Foi o primeiro longa-metragem de Tony Scott, que mais tarde dirigiria sucessos como Top Gun e Chamas da Vingança.
A cena de abertura com a banda Bauhaus se tornou cult, e o videoclipe de Bela Lugosi’s Dead é frequentemente associado ao filme.
A maquiagem de envelhecimento de David Bowie levou cerca de 8 horas para ser aplicada diariamente.
Susan Sarandon revelou que a cena íntima entre ela e Catherine Deneuve foi pensada para ser mais sutil, mas acabou se tornando mais explícita durante a filmagem, ganhando notoriedade e gerando polêmica na época.

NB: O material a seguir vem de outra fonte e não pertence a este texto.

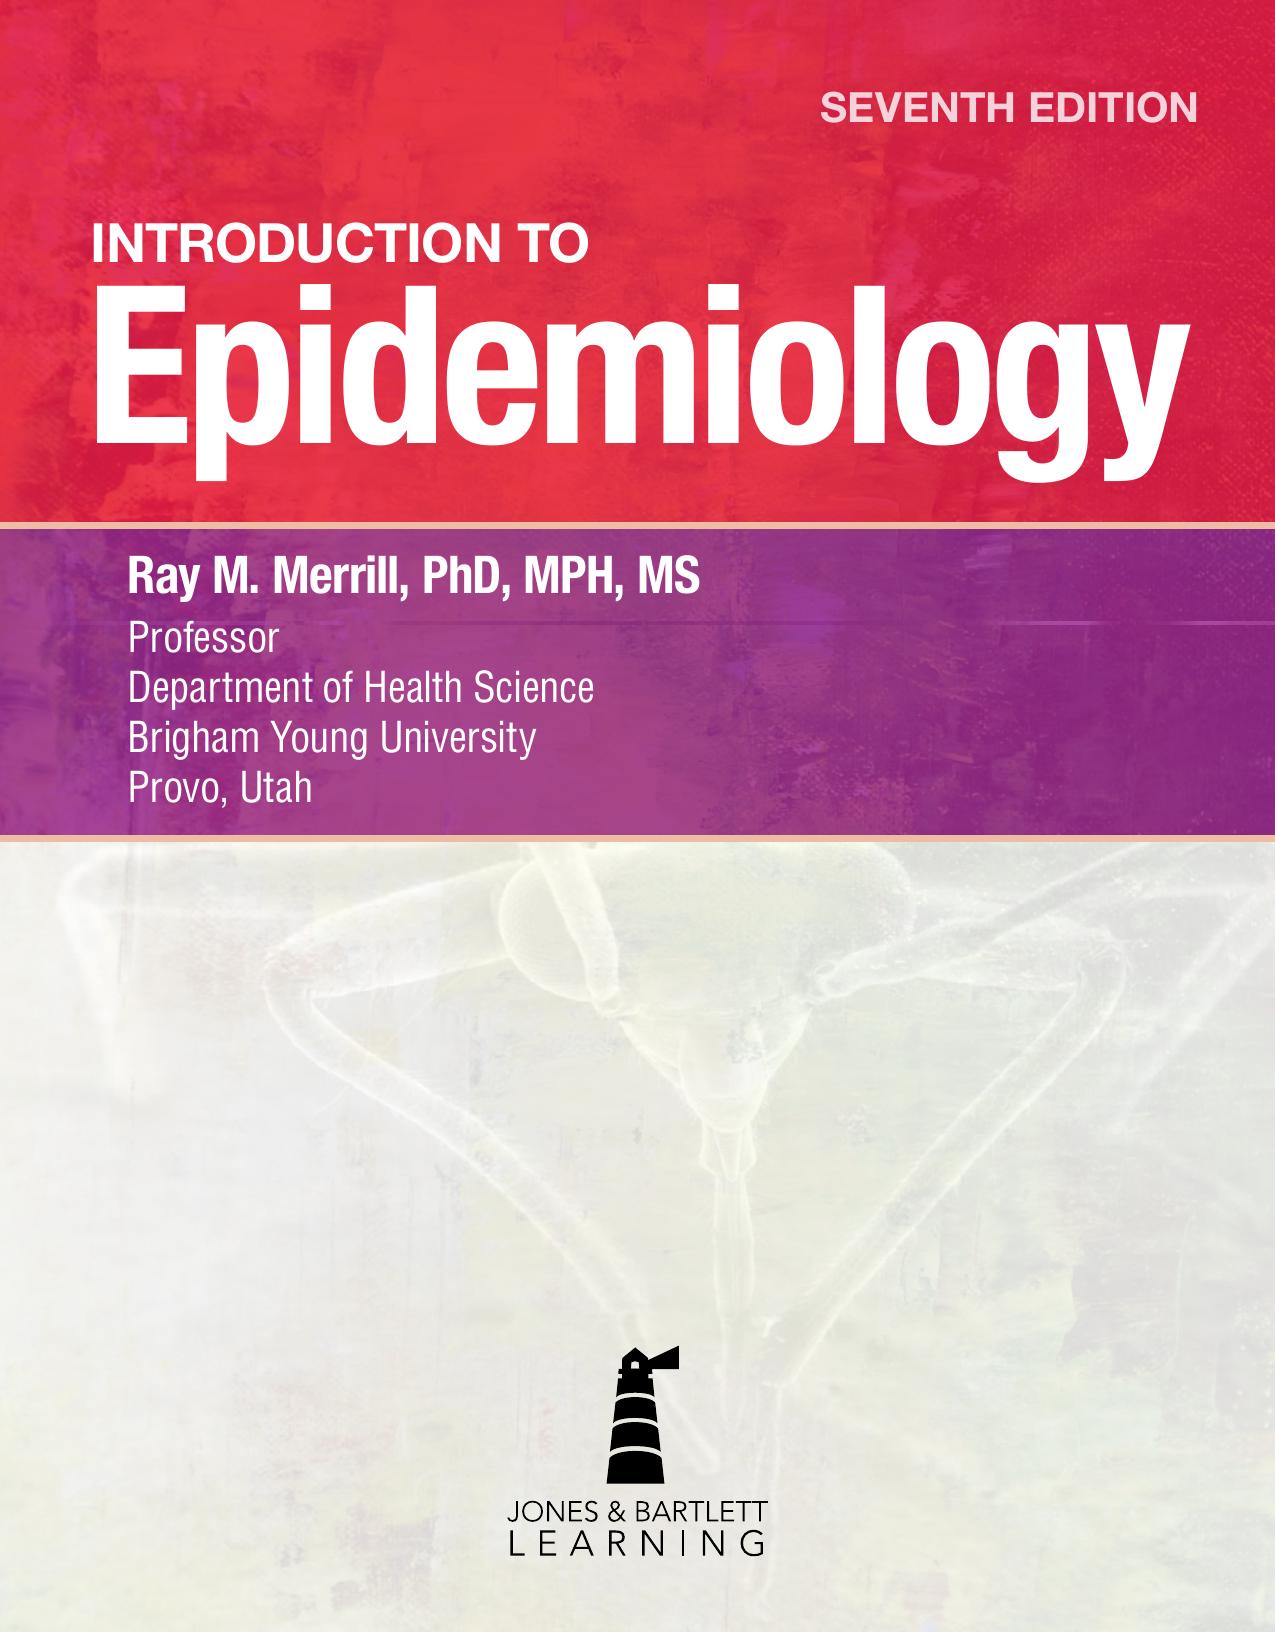 [Ray M. Merrill] Introduction to Epidemiology(z-lib.org)
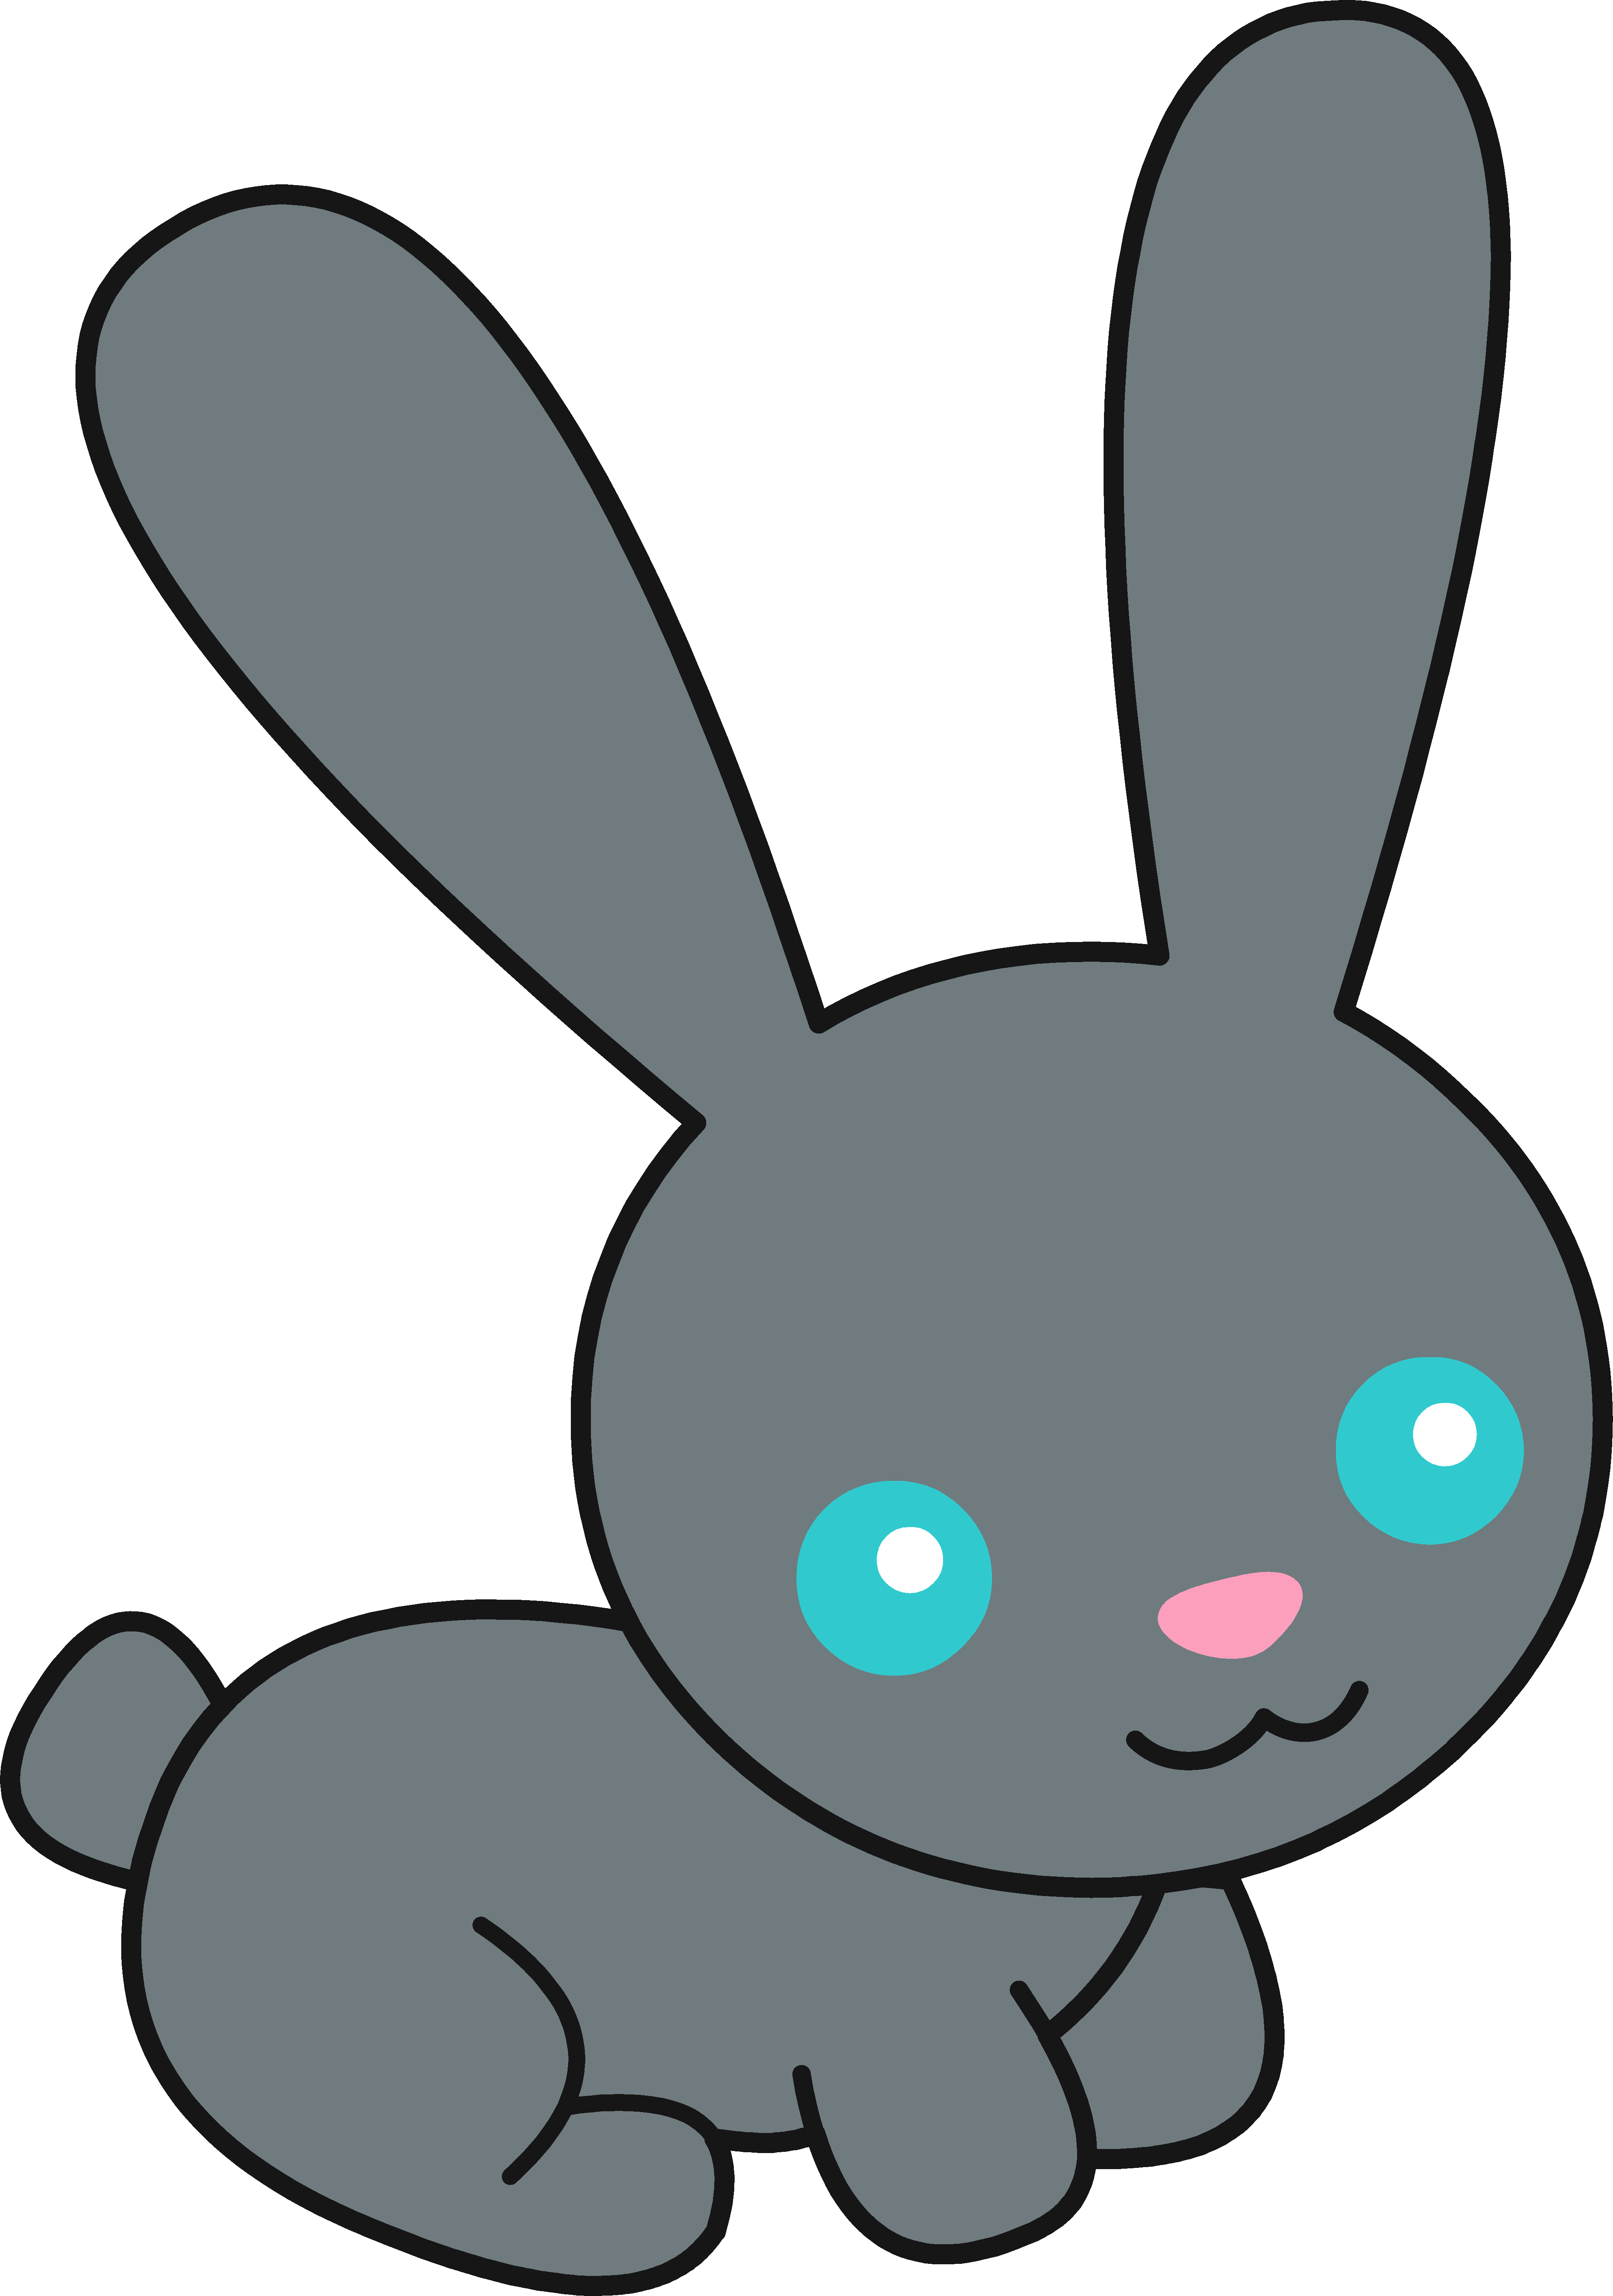 You can use this cute bunny .

O final original mostrava Miriam sozinha e enfraquecida, sem poder sobre Sarah, mas a Warner exigiu alterações para deixar a possibilidade de uma sequência.
Apesar das críticas mistas no lançamento, o filme ganhou status de cult e é considerado uma influência estética para videoclipes e filmes góticos posteriores.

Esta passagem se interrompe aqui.